Fortunately for Sual, Mahmud had grown up in the same neighborhood and was only five years her senior. She wasn’t in love with him, but love, as far as she could tell, wasn’t something she could even dream of, not in the Muslim Quarter of Jerusalem’s Old City and not with a traditional family such as hers. Sometimes, when they were together in a room, after checking that nobody was eavesdropping, Sual allowed herself to hold whispered conversations with Lucy about those Arab women who were allowed to attend university and choose their own husbands. For her, this was but a distant dream.

Sual made do with the fact that Mahmud was young. She considered herself lucky that he wasn’t balding or fat or old. Girls like she couldn’t hope for better. Sual was married on her sixteenth birthday.

More than anything, it had pained Sual to have to leave school. She’d been an outstanding student and had dreamed of becoming a doctor. Immediately after the wedding, the young couple had moved in with Mahmud’s parents and his family was adamant: it wasn’t proper for a wife to be more educated than her husband, and Mahmud had stopped going to school after the eighth grade to work at the family bakery. Her school principal had tried to help. He’d come to the family home to attempt to convince them to allow the gifted girl to continue her studies. But Mahmud’s mother, cursing loudly, threw him out of the house, and that ended Sual’s dream of university and medical school.

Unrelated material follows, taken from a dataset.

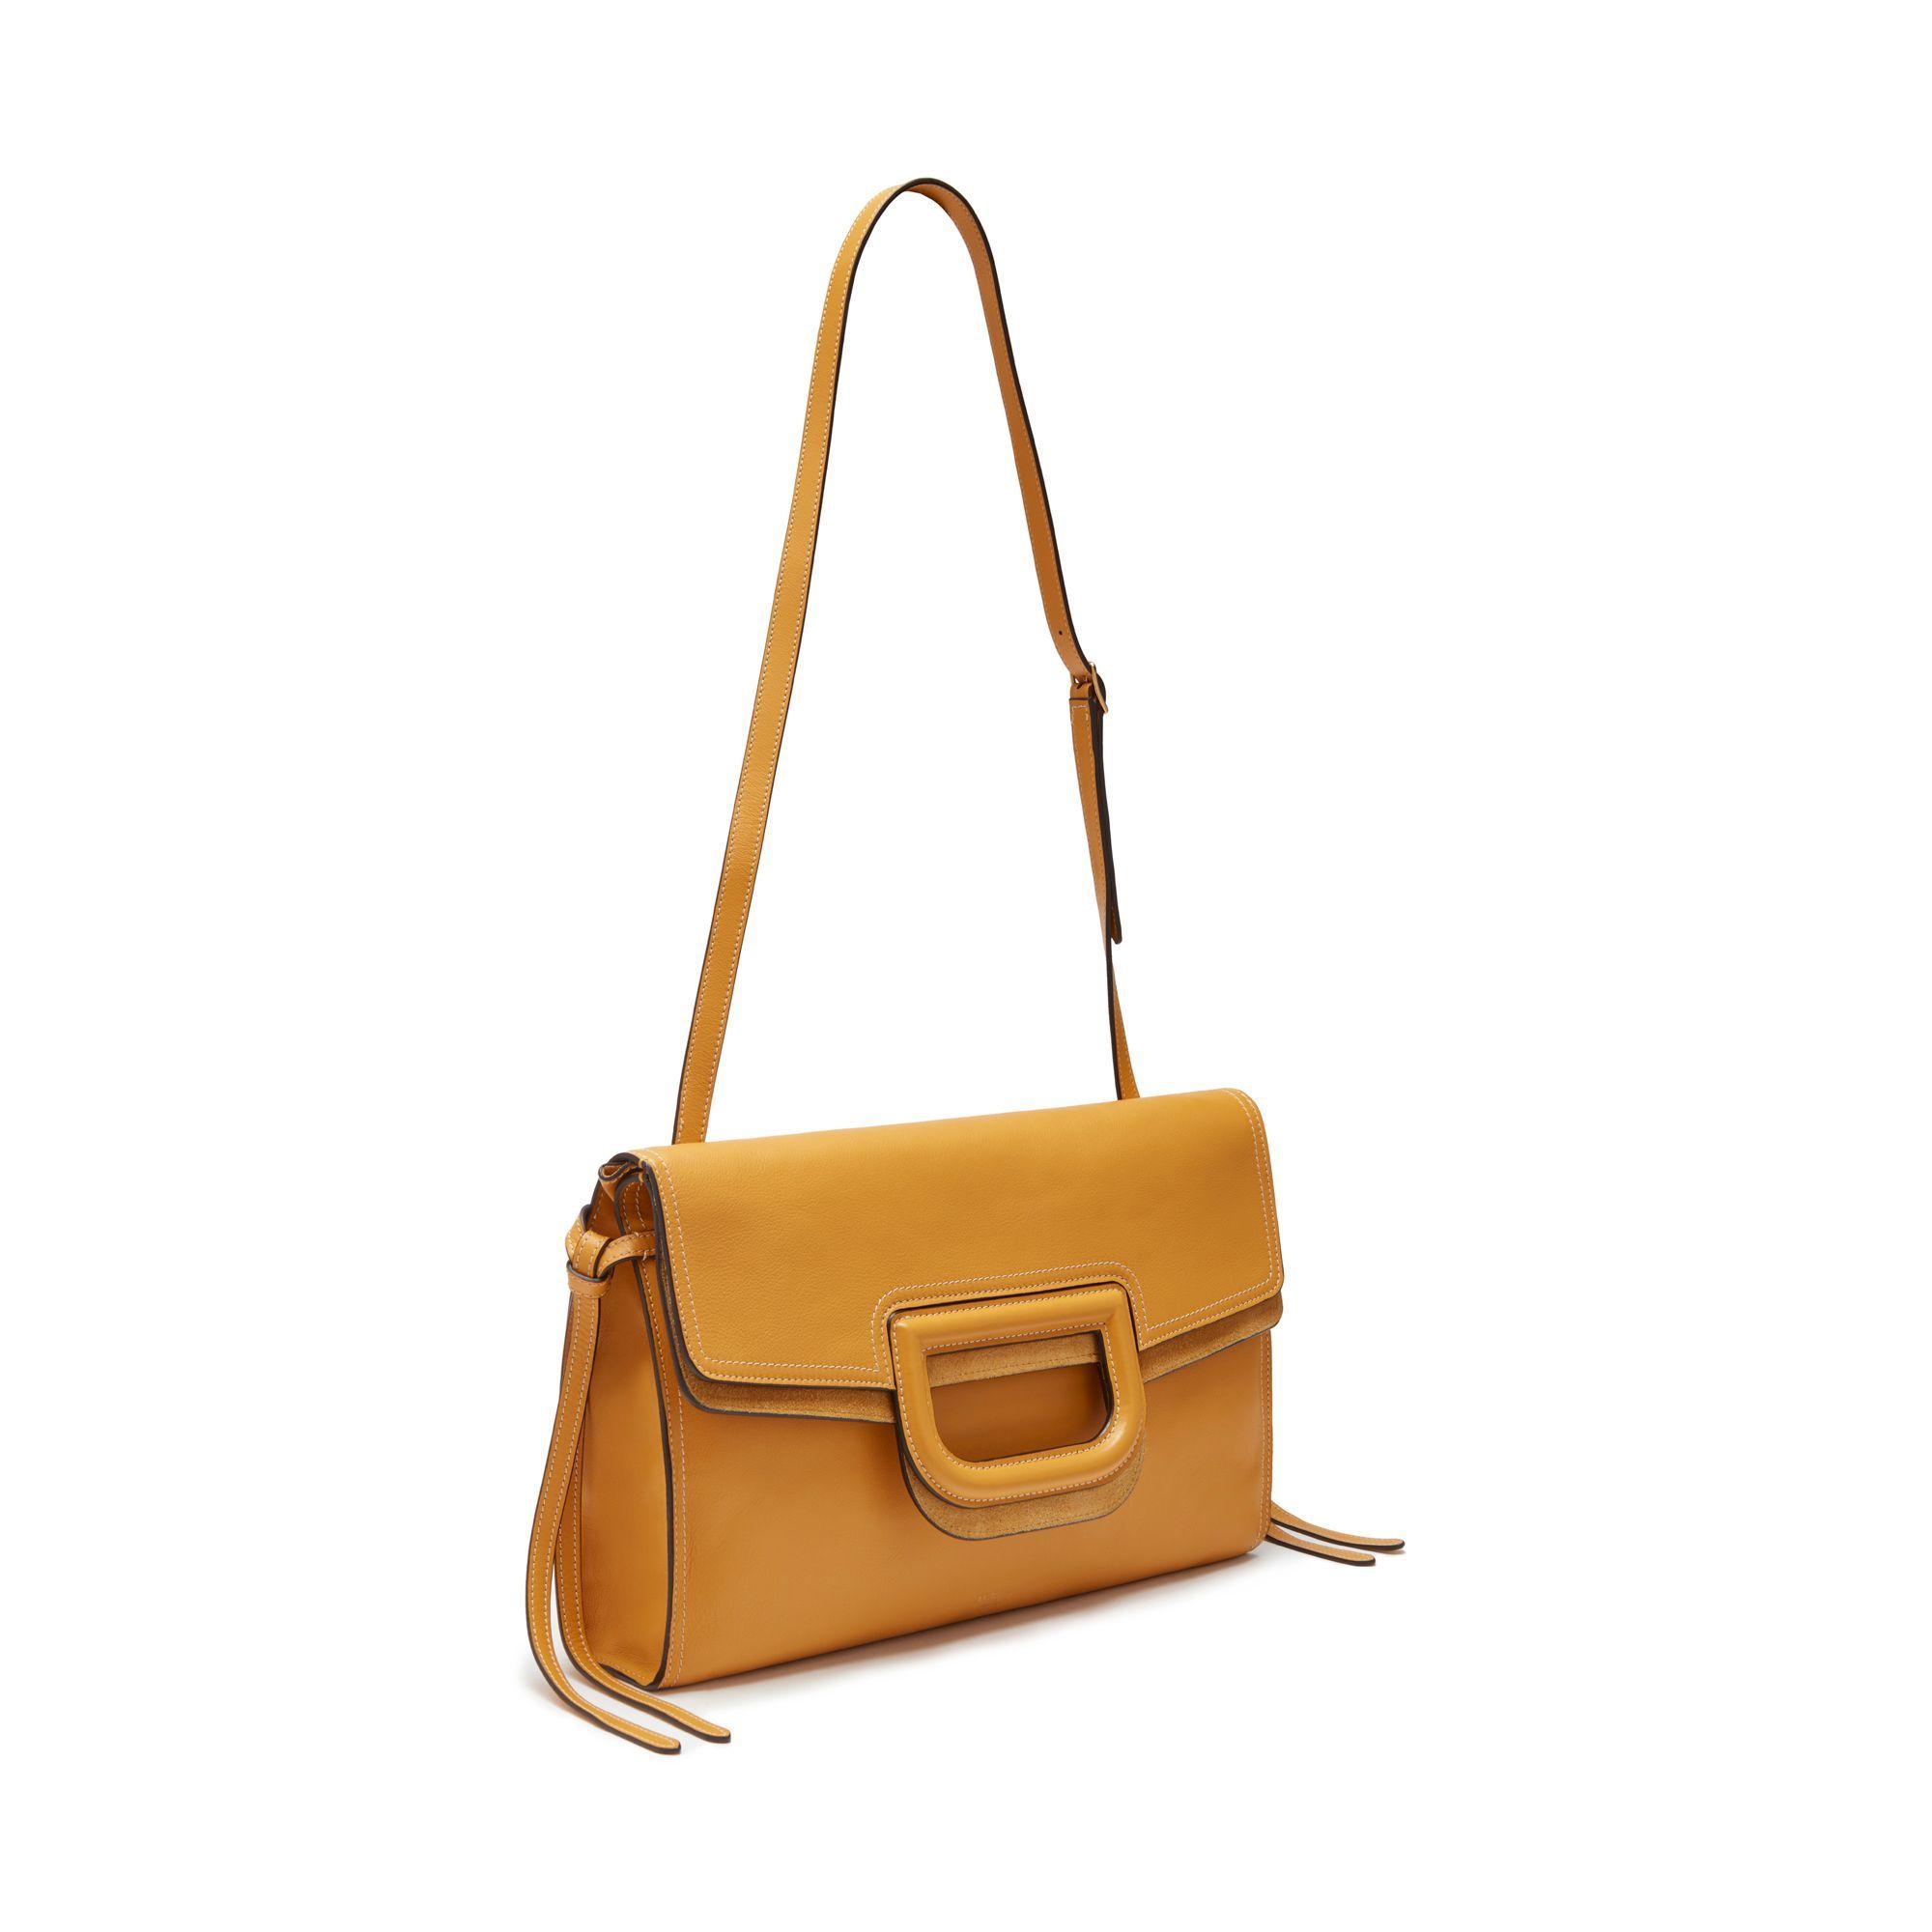 d233b647c48 ... order tote bag brimley envelope gold ochre silky calf brimley mulberry  fc3f4 0a973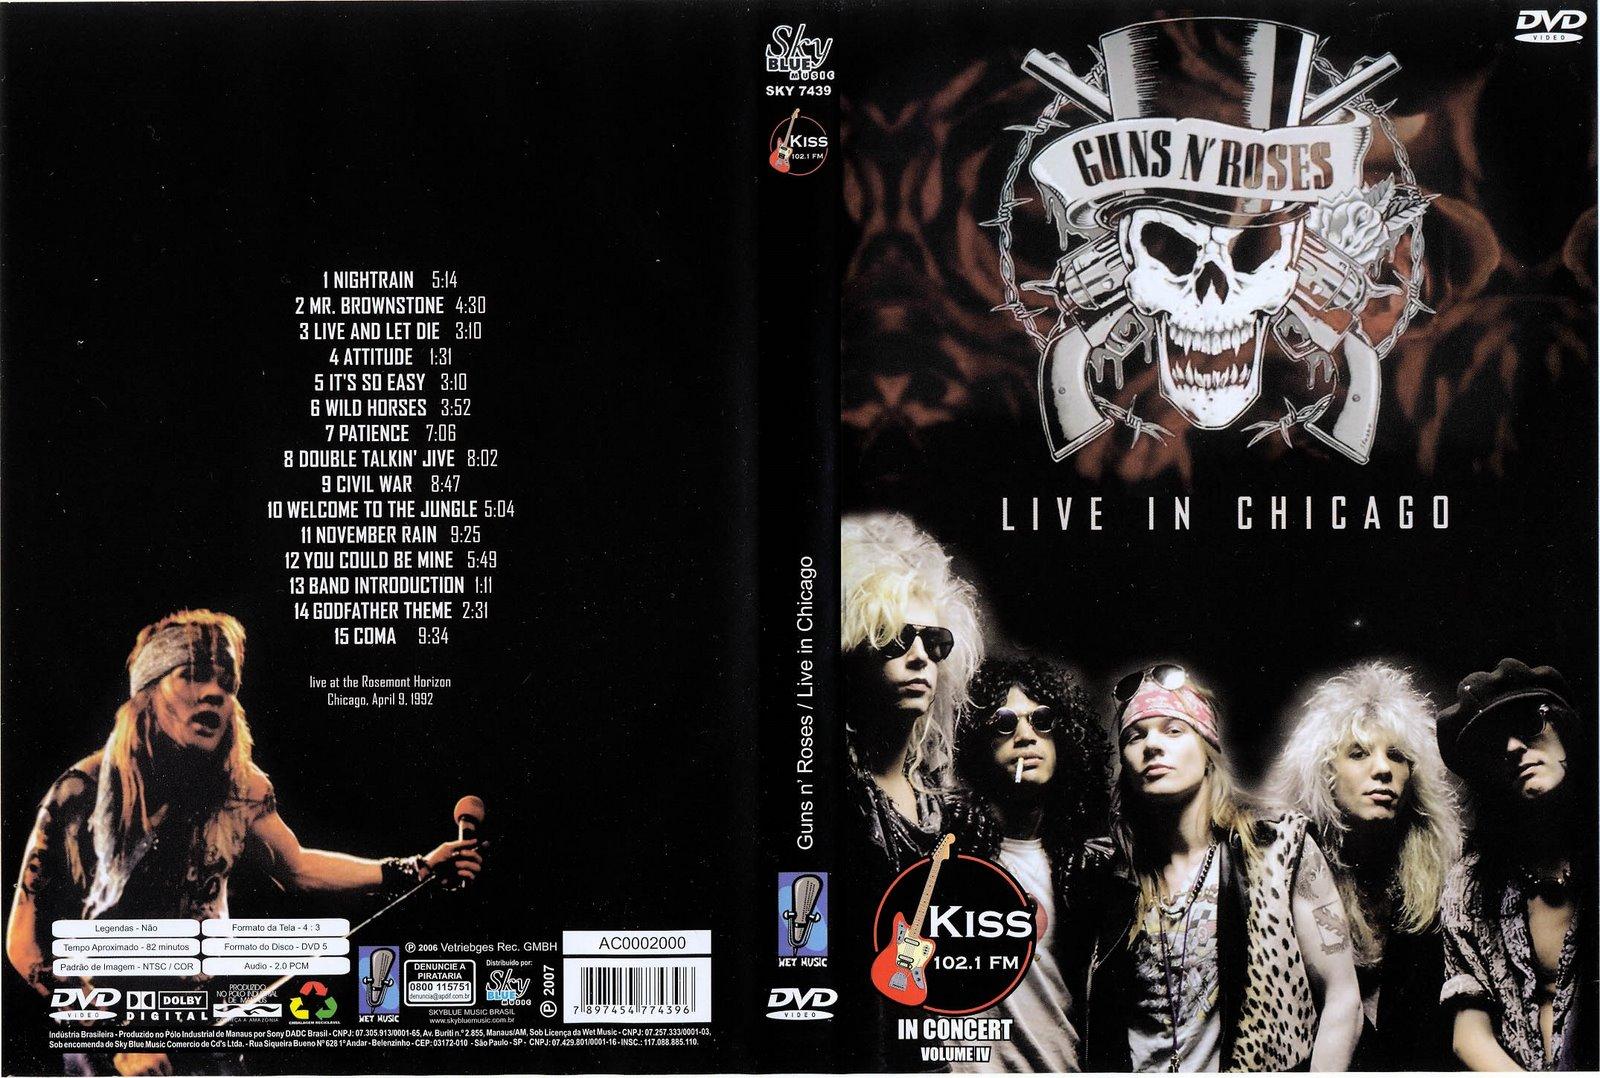 http://2.bp.blogspot.com/_C1RHYFhK1Cc/S7u6xCUcLII/AAAAAAAAA4c/urzbIrThJXU/s1600/Guns_n_Roses_Live_In_Chicago.jpg

She still found it hard to make peace with the fact that her dream was gone, that she’d never get an academic education.

Sual told no one, but she refused to give up her studies. At the very least, she was determined to complete high school and matriculate, and every night, after Mahmud had fallen asleep and started to snore, she’d take out her books and learn on her own.

The matriculation examinations were scheduled a few months from now. If she could only elude Mahmud’s mother, who observed every one of Sual’s steps with her small, shifty, hawk-eyes, she’d be able to take them. This notion gave her strength and hope. Still, this wasn’t the major obstacle. What had turned Sual’s life into hell on earth was the fact that her belly remained as flat as before the marriage.

In the small, close-knit Muslim quarter community, whispers behind Sual’s back that she was “flawed merchandise” started to circulate and spread. A year after the wedding, she wasn’t pregnant yet. Mahmud’s mother, who’d never been particularly nice to her, started to harass Sual to her face, making her life a living nightmare.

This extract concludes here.